# Polyplastic Windows -- Cleaning



## 89051 (May 12, 2005)

Can anyone please tell me the correct method of cleaning Polyplastic Windows? I need to remove the residue of some non hardening sealant. I have been advised to use spirit wipe, but would like to have the views of other members.


----------



## geraldandannie (Jun 4, 2006)

Hi, jandemotor

Is it possible to peel the residue off with your fingernail?

There are a couple of threads, more concerned with scratch removal, but still may be interesting .... ** here ** and ** here **

Gerald


----------



## rebbyvid (Apr 10, 2006)

Hi Jandemotor try this link http://www.dometic.com/templates/Product,674,1466.aspx think you'll find autoglym also does a cleaner
Rob


----------



## spykal (May 9, 2005)

Hi

Unfortunately AFAIK using any solvent on these windows is a NoNo... so what should you do?
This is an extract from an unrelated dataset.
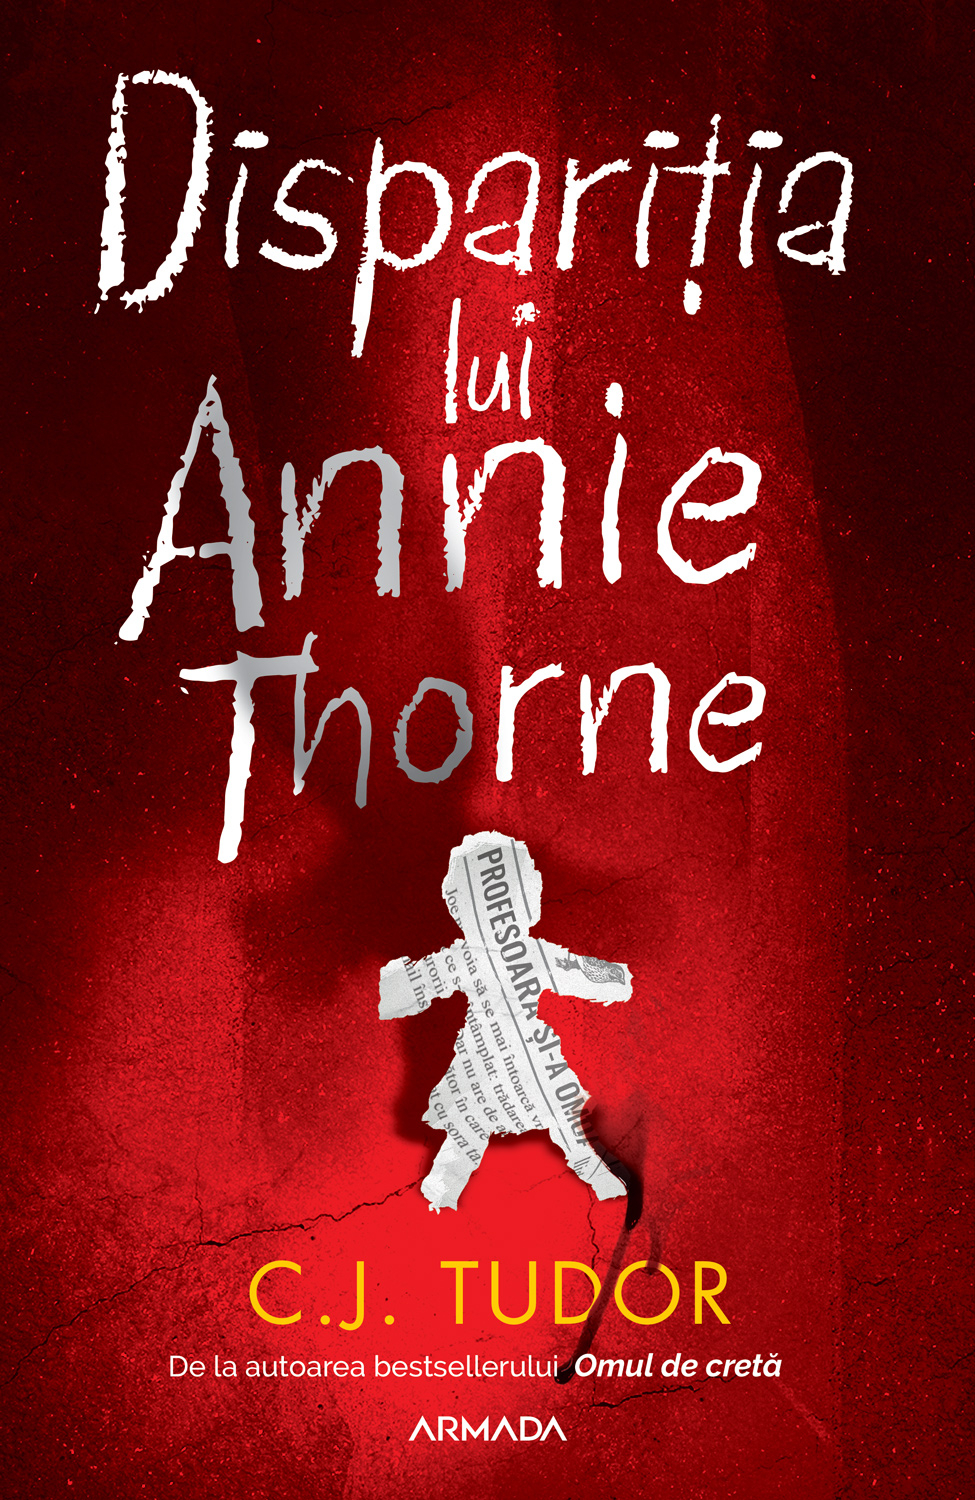 eBook Disparitia lui Annie Thorne - C.J. Tudor

This is what I would try....As suggested remove as much as possible by scraping with something softer than the acrylic ... a finger nail or a bit of soft plastic... then follow this up by spraying some WD40 onto a cloth and rubbing the area , keep the cloth soaked in WD40... but only do a trial area first ...just in case.

WD40 has a solvent in it but it must be a mild one....I have used it sucessfully to remove unwanted stickers from plastic surfaces.... it works well on price tags too( soak in WD40 then peel off) . As I have never had cause to try it on a polyplastic window ...the trial is up to you. :roll:

If you have any marks left then I find Fenwicks Windowize works well as a scratch remover









Mike

Mike


----------



## Spacerunner (Mar 18, 2006)

I have found that to remove scratches etc. that T-cut scratch remover is better and cheaper than Fenwicks and other purpose made removers.


----------